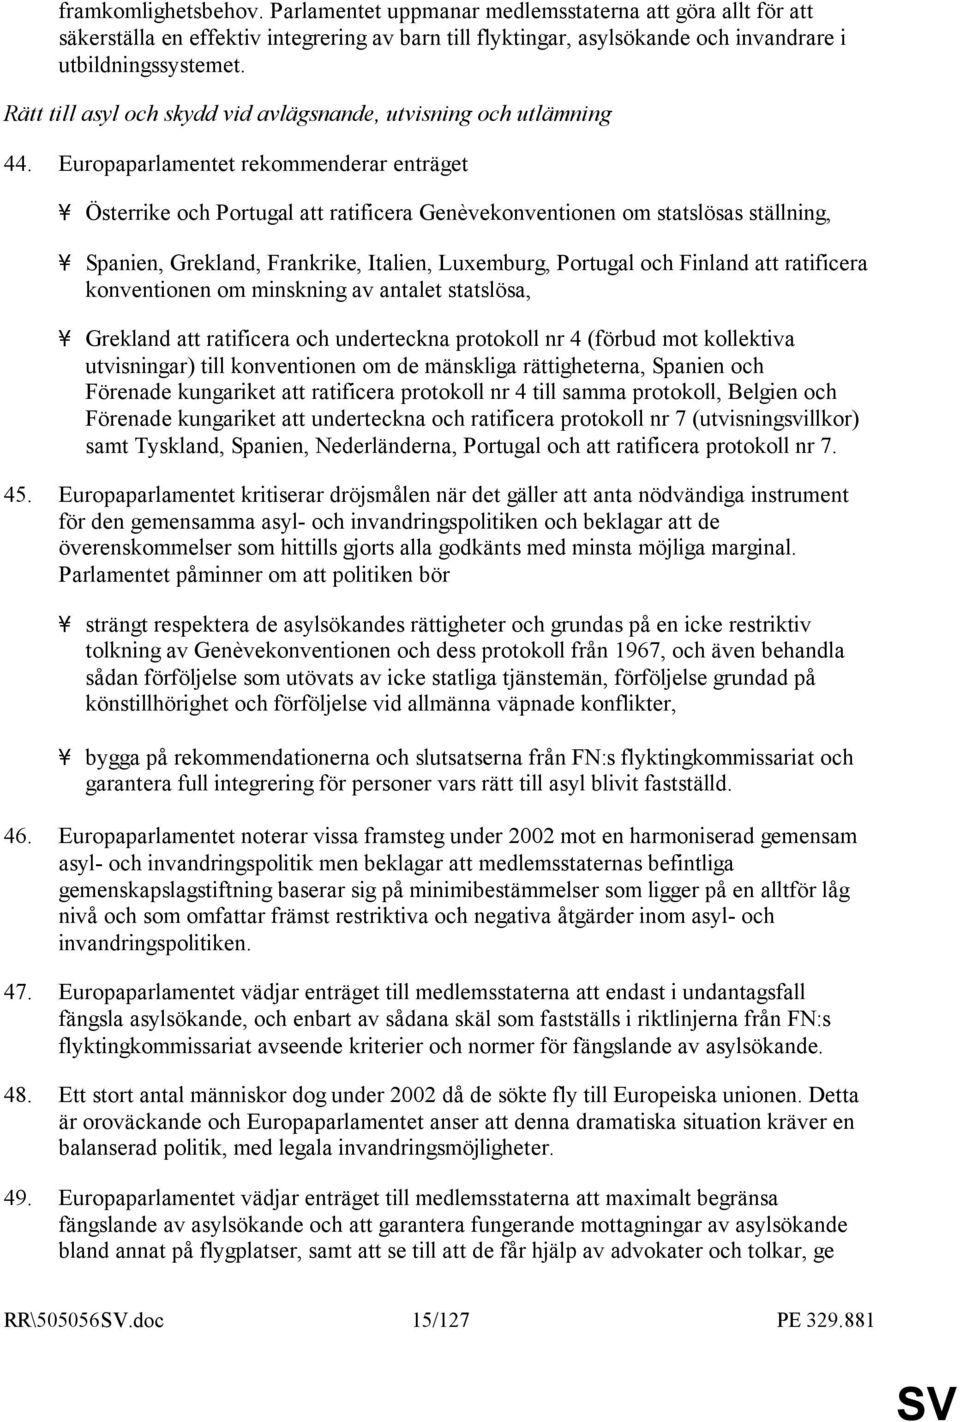 Europaparlamentet rekommenderar enträget - Österrike och Portugal att ratificera Genèvekonventionen om statslösas ställning, - Spanien, Grekland, Frankrike, Italien, Luxemburg, Portugal och Finland
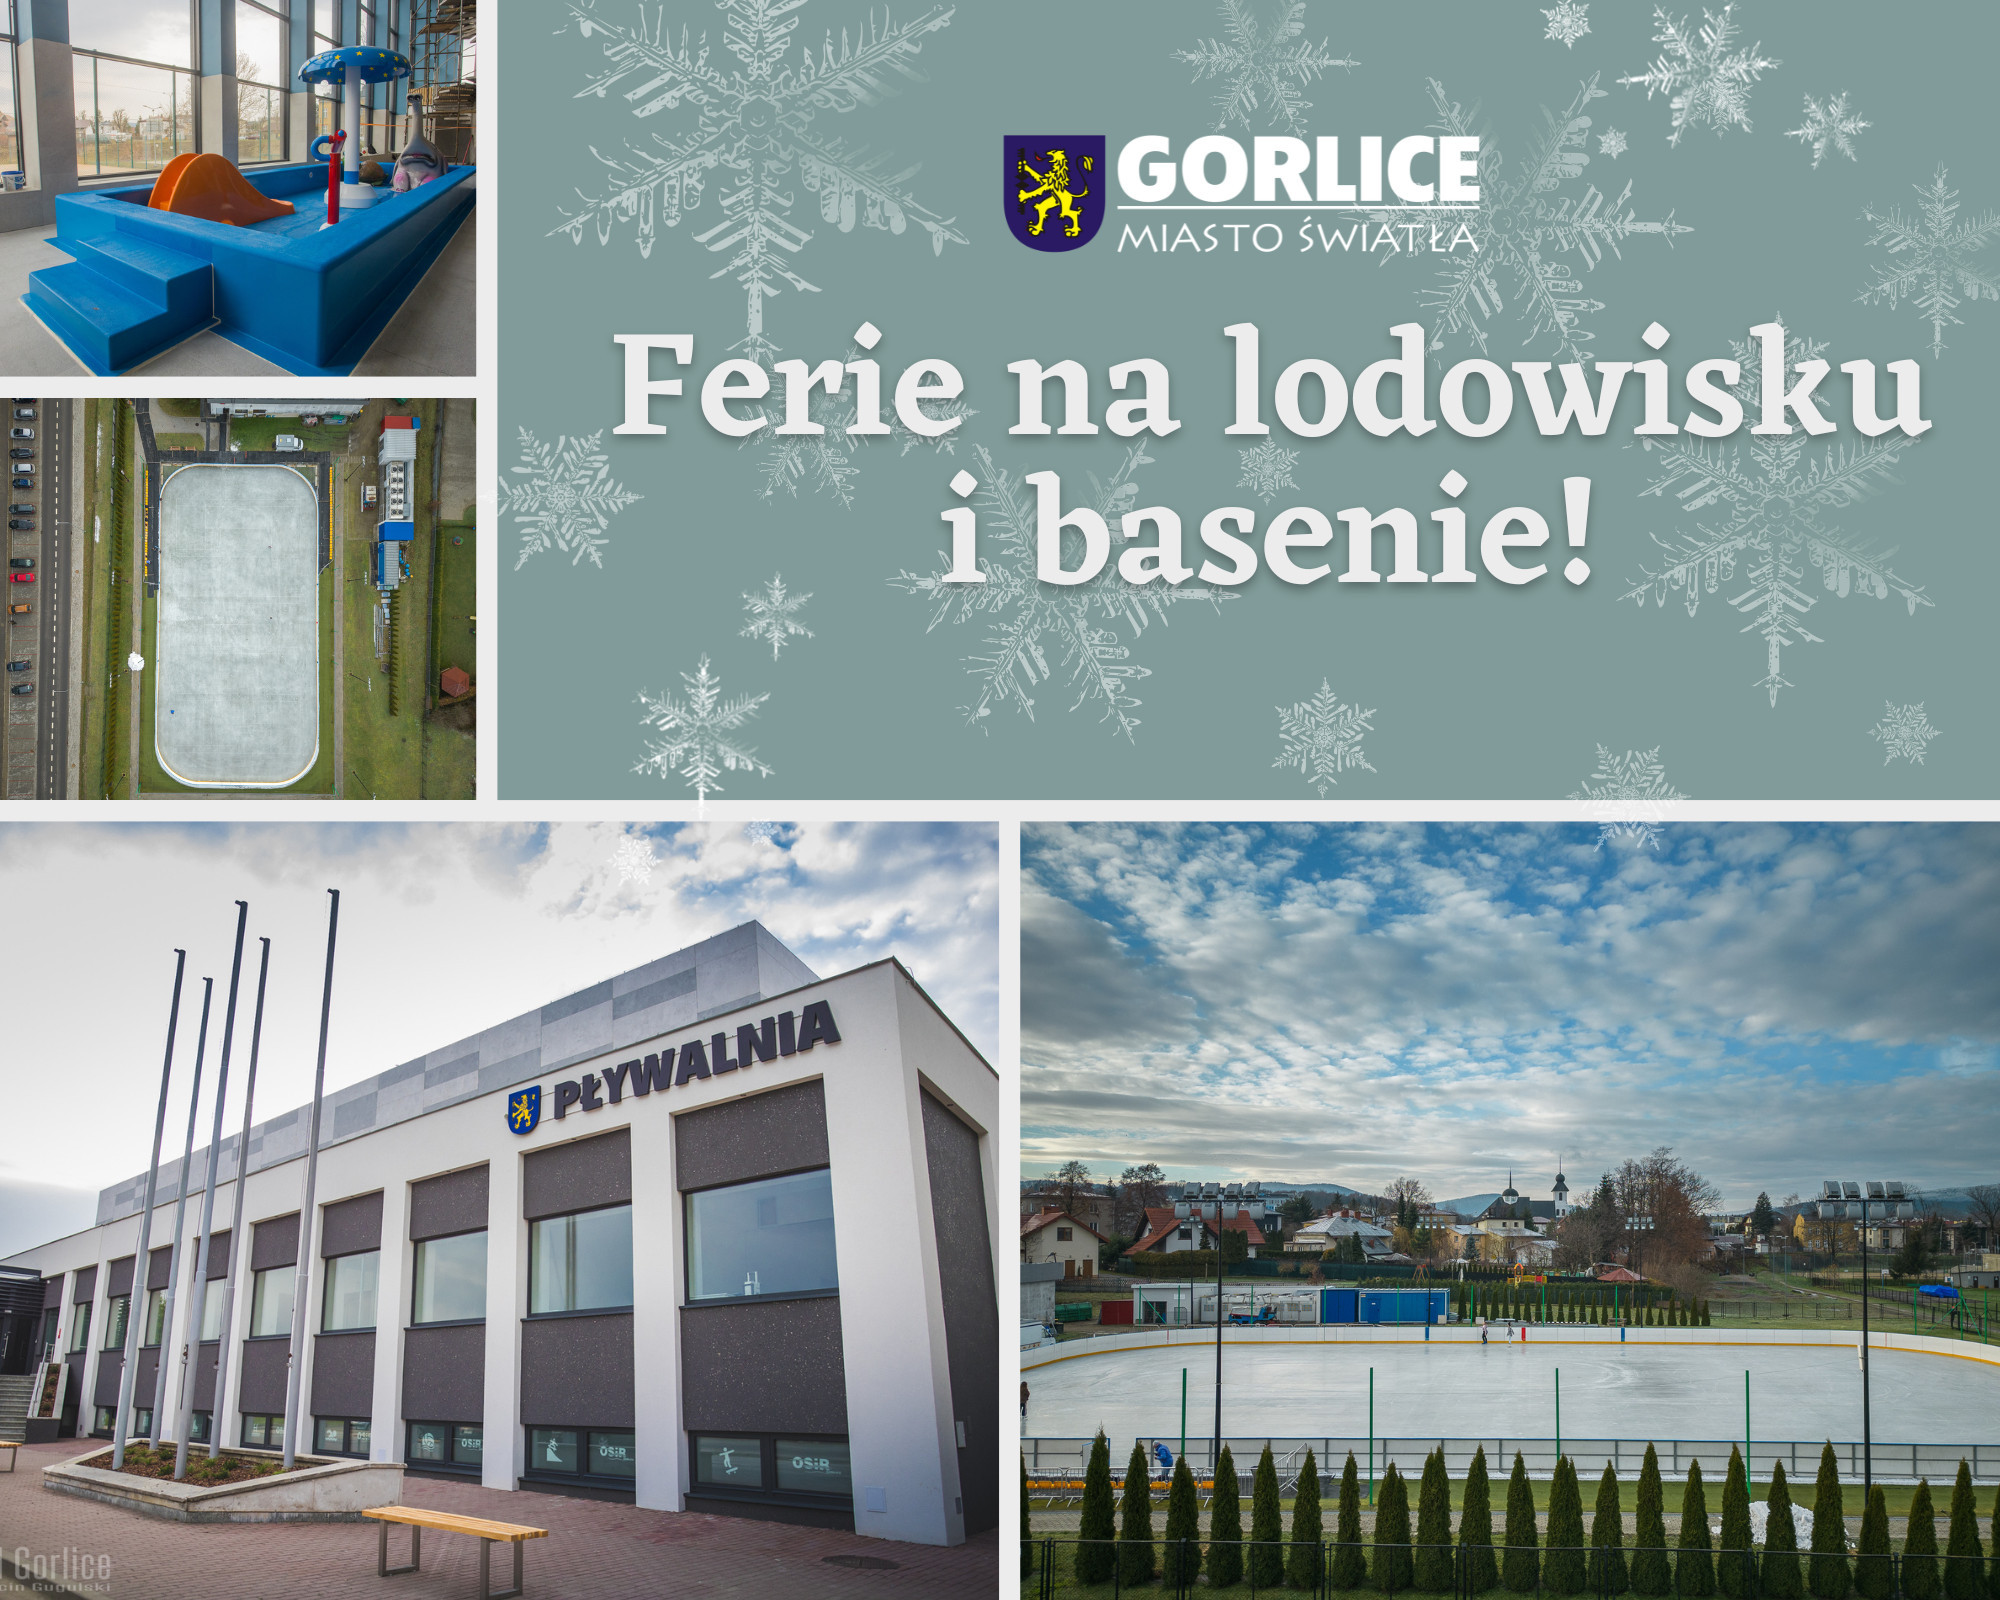 Zniżka na pływalnię i lodowisko dla wszystkich dzieci zamieszkałych na terenie Gorlic!
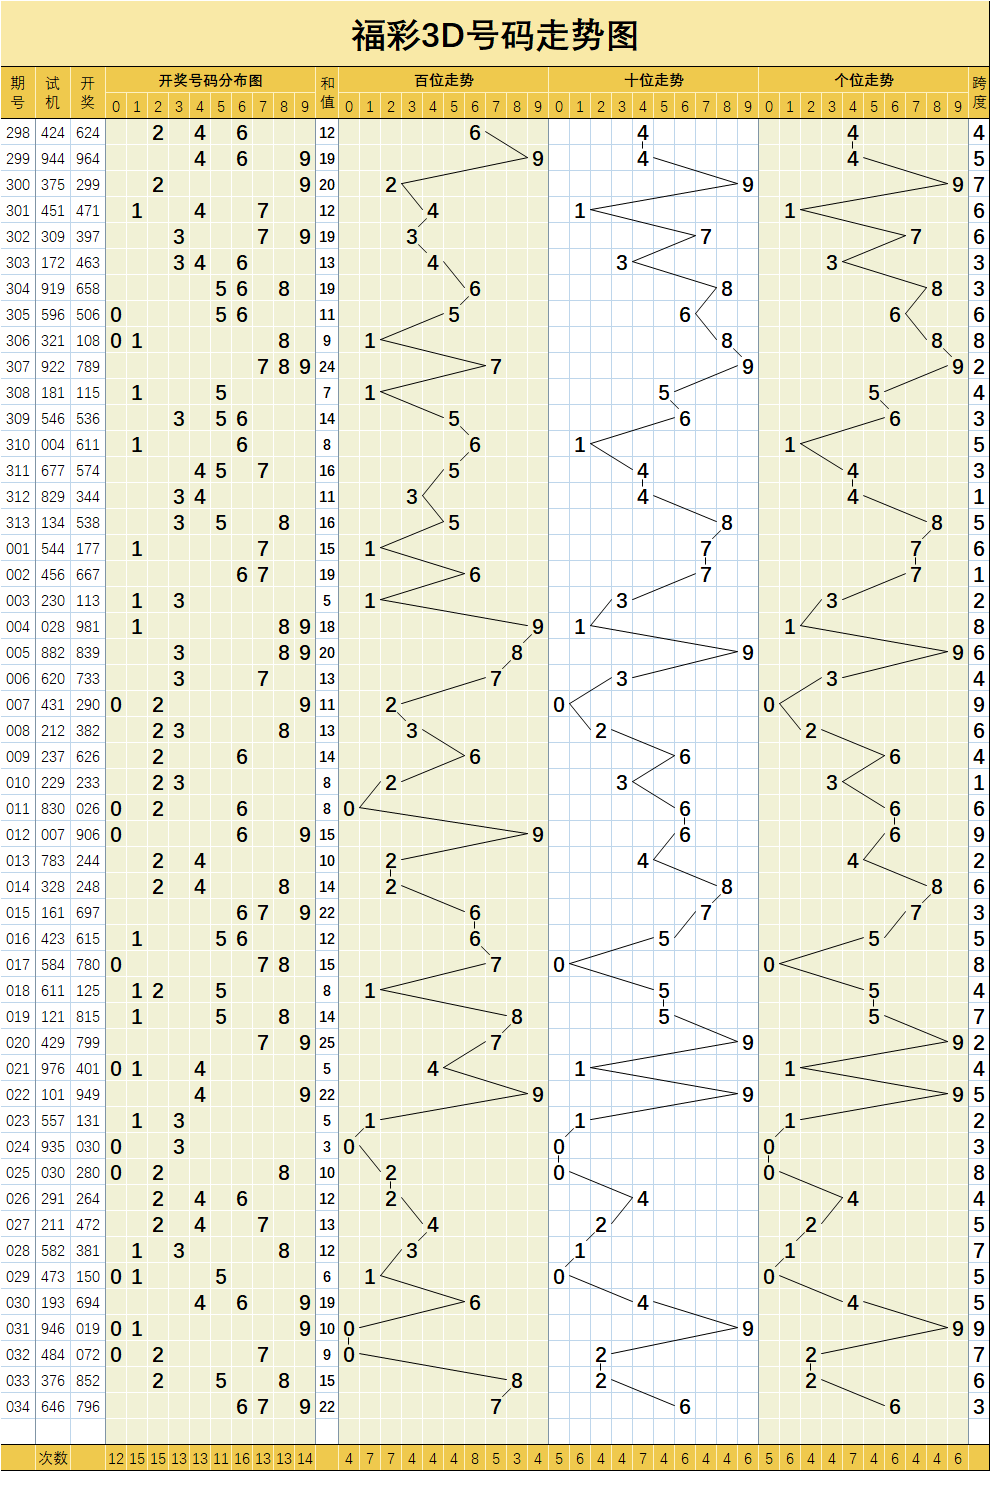 福彩3d034期基础与大中小码分布走势图
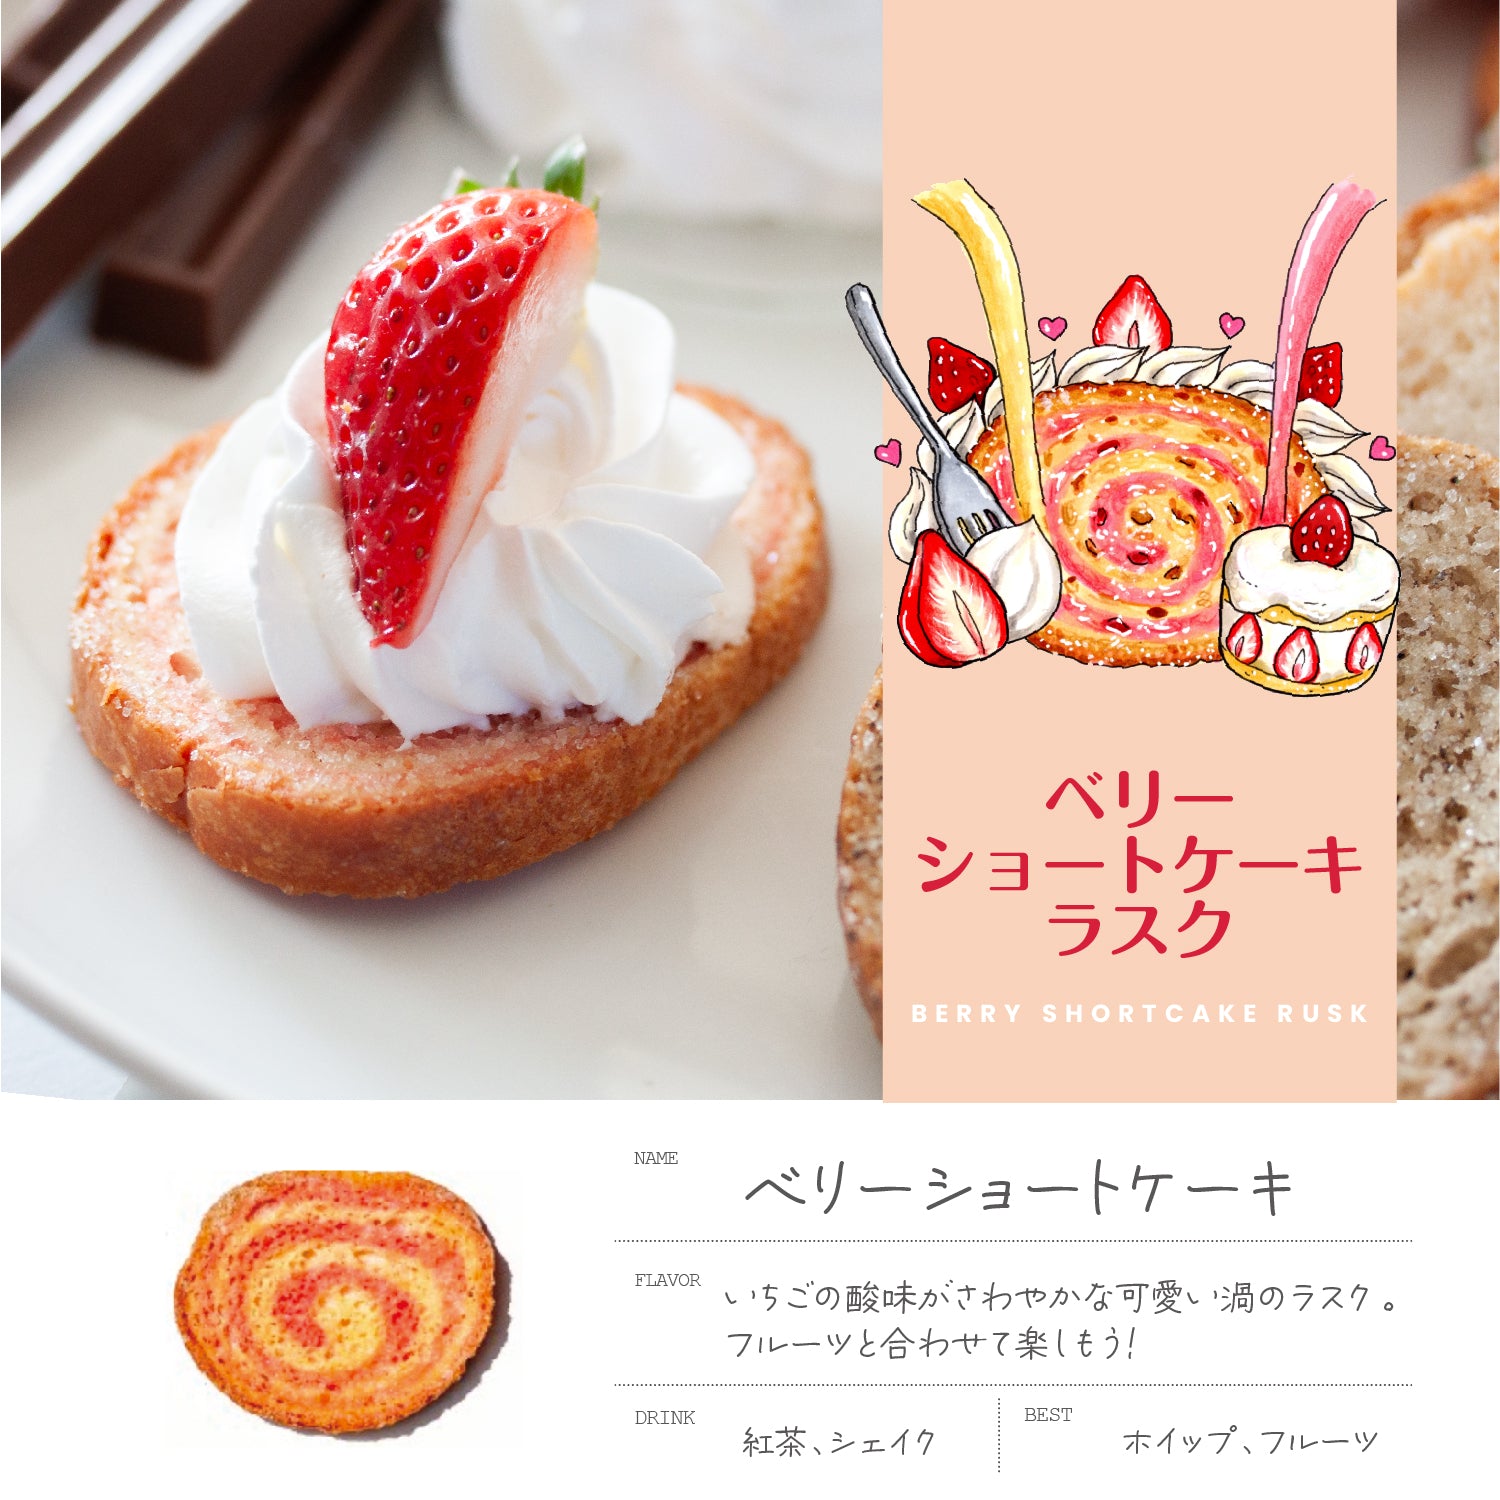 <span class="title">鎌倉山ラスクデコレーションアレンジレシピ「いちごとクリームで作るラスクケーキ」のご紹介♪</span>

WHAT THE TASK REQUIRES: Drop the pictures and reproduce the rest of the data exactly.

RESULT OF THIS TASK:
 Europaparlamentet rekommenderar enträget - Österrike och Portugal att ratificera Genèvekonventionen om statslösas ställning, - Spanien, Grekland, Frankrike, Italien, Luxemburg, Portugal och Finland
 Zniżka na pływalnię i lodowisko dla wszystkich dzieci zamieszkałych na terenie Gorlic!
 福彩3d034期基础与大中小码分布走势图
 <span class="title">鎌倉山ラスクデコレーションアレンジレシピ「いちごとクリームで作るラスクケーキ」のご紹介♪</span>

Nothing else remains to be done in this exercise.